The data Start Marker

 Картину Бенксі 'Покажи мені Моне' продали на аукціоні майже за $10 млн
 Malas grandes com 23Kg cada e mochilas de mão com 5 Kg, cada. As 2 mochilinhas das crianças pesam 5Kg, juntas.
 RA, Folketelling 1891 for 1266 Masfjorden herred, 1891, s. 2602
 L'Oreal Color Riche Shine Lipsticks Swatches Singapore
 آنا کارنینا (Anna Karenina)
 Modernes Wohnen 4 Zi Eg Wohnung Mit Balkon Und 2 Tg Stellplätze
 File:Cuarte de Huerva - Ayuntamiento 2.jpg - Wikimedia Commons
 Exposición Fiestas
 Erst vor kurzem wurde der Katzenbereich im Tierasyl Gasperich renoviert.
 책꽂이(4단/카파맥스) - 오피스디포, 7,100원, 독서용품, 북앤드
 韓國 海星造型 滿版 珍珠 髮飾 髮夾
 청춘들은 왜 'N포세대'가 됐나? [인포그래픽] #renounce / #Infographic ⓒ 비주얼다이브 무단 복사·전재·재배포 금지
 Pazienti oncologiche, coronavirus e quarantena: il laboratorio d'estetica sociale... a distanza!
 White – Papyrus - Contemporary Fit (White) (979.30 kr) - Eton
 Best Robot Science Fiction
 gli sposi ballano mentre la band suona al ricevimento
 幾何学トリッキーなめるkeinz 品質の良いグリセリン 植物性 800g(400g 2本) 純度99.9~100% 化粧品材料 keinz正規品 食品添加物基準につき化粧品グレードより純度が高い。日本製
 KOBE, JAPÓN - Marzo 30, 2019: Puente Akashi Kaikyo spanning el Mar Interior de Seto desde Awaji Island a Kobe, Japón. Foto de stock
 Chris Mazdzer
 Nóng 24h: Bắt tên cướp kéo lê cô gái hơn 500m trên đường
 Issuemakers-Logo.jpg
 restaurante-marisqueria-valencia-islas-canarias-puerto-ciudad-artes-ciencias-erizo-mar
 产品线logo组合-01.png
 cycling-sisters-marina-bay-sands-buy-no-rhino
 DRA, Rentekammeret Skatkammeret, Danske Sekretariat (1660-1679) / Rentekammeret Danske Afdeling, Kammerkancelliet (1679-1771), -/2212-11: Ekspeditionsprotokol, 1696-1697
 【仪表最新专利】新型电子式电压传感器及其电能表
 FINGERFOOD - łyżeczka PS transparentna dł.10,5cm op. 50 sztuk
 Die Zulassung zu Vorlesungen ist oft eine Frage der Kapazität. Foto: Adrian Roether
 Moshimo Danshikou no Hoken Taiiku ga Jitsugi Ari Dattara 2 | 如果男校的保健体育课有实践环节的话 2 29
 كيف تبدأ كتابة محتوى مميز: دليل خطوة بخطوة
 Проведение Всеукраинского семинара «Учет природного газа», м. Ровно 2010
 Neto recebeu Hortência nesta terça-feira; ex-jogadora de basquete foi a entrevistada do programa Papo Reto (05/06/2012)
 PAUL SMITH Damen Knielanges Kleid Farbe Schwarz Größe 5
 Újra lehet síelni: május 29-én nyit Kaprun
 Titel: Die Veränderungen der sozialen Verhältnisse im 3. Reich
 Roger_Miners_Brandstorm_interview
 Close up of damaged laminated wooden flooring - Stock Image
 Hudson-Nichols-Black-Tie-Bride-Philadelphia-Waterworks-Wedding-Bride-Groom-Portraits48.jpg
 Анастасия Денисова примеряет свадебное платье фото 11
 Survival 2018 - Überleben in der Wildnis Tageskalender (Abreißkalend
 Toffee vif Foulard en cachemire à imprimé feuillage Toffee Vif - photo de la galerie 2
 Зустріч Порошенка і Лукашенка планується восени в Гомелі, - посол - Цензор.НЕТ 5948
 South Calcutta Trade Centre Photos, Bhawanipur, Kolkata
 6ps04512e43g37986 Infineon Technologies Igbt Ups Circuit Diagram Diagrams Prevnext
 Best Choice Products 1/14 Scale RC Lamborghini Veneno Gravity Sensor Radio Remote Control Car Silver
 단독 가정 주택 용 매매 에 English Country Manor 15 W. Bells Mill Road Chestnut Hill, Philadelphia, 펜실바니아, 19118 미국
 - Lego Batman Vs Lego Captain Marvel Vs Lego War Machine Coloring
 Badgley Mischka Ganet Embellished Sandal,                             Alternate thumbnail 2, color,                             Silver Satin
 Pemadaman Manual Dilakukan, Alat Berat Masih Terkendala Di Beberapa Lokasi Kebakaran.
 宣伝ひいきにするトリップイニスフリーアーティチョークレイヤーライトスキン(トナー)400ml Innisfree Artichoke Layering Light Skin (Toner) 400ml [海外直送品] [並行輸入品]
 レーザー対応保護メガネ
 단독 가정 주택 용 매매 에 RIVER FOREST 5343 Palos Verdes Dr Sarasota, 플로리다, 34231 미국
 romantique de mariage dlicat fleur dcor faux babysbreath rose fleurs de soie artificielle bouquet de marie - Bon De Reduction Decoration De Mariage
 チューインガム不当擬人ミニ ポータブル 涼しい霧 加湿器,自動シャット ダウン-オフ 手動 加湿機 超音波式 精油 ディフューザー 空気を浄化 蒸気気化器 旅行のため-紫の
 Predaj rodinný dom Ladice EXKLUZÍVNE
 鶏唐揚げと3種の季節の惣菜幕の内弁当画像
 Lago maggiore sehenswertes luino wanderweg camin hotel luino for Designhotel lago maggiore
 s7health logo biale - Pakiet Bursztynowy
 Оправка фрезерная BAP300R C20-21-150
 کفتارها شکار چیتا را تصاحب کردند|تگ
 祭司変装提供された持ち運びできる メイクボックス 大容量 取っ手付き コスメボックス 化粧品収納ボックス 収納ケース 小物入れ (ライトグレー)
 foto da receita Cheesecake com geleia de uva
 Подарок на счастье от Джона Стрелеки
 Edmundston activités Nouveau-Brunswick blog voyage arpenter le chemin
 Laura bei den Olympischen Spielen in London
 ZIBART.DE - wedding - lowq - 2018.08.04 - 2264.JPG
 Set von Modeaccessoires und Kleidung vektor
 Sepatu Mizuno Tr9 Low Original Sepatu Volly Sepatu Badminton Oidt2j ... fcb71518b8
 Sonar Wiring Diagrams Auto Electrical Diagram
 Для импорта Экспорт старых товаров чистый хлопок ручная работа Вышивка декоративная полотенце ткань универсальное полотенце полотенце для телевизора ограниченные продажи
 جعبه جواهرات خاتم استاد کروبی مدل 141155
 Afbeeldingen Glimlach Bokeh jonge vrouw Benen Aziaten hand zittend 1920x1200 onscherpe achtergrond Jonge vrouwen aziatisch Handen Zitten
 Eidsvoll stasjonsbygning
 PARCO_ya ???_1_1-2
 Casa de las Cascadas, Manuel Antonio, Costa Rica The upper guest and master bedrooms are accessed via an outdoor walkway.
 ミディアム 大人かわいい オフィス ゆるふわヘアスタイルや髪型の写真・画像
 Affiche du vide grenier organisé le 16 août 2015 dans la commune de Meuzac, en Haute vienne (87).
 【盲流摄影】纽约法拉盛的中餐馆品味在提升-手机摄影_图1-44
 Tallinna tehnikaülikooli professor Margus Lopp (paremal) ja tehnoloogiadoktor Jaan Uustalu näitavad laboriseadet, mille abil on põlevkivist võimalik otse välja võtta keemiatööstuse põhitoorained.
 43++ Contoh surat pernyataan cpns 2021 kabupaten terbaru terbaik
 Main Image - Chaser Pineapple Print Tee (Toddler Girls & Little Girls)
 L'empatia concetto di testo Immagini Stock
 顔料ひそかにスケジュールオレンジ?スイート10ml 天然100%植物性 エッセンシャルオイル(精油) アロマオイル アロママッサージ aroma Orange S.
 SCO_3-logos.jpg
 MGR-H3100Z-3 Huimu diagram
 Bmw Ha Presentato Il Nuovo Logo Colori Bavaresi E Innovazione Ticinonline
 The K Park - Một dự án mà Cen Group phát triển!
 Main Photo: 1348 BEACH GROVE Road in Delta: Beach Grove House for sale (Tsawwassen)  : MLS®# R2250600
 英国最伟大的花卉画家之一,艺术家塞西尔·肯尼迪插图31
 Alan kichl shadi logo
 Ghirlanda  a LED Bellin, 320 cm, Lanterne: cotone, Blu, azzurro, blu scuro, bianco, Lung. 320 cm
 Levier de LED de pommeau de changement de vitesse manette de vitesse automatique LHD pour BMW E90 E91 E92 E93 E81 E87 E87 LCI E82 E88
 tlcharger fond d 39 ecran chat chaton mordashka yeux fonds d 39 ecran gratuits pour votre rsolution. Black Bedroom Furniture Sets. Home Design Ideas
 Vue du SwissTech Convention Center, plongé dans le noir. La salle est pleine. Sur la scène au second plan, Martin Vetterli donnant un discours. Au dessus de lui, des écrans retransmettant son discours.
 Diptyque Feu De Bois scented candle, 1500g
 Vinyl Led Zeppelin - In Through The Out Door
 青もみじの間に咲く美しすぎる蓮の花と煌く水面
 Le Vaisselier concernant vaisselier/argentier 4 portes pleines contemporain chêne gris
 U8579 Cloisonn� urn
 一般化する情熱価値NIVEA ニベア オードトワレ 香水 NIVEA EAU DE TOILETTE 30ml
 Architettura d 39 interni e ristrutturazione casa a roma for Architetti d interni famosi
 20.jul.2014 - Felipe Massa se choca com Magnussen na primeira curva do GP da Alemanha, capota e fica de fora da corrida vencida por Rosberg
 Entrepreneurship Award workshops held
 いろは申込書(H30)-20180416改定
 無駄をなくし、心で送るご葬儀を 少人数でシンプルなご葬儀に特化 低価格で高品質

The data End Marker

_Exercise instructions:_ Only one stretch of the entries above is wanted: the lines from the one containing "단독 가정 주택 용 매매 에 English" through the one containing "کفتارها شکار چیتا را تصاحب کردند|تگ". Please reproduce it exactly.

_Answer box:_
 단독 가정 주택 용 매매 에 English Country Manor 15 W. Bells Mill Road Chestnut Hill, Philadelphia, 펜실바니아, 19118 미국
 - Lego Batman Vs Lego Captain Marvel Vs Lego War Machine Coloring
 Badgley Mischka Ganet Embellished Sandal,                             Alternate thumbnail 2, color,                             Silver Satin
 Pemadaman Manual Dilakukan, Alat Berat Masih Terkendala Di Beberapa Lokasi Kebakaran.
 宣伝ひいきにするトリップイニスフリーアーティチョークレイヤーライトスキン(トナー)400ml Innisfree Artichoke Layering Light Skin (Toner) 400ml [海外直送品] [並行輸入品]
 レーザー対応保護メガネ
 단독 가정 주택 용 매매 에 RIVER FOREST 5343 Palos Verdes Dr Sarasota, 플로리다, 34231 미국
 romantique de mariage dlicat fleur dcor faux babysbreath rose fleurs de soie artificielle bouquet de marie - Bon De Reduction Decoration De Mariage
 チューインガム不当擬人ミニ ポータブル 涼しい霧 加湿器,自動シャット ダウン-オフ 手動 加湿機 超音波式 精油 ディフューザー 空気を浄化 蒸気気化器 旅行のため-紫の
 Predaj rodinný dom Ladice EXKLUZÍVNE
 鶏唐揚げと3種の季節の惣菜幕の内弁当画像
 Lago maggiore sehenswertes luino wanderweg camin hotel luino for Designhotel lago maggiore
 s7health logo biale - Pakiet Bursztynowy
 Оправка фрезерная BAP300R C20-21-150
 کفتارها شکار چیتا را تصاحب کردند|تگ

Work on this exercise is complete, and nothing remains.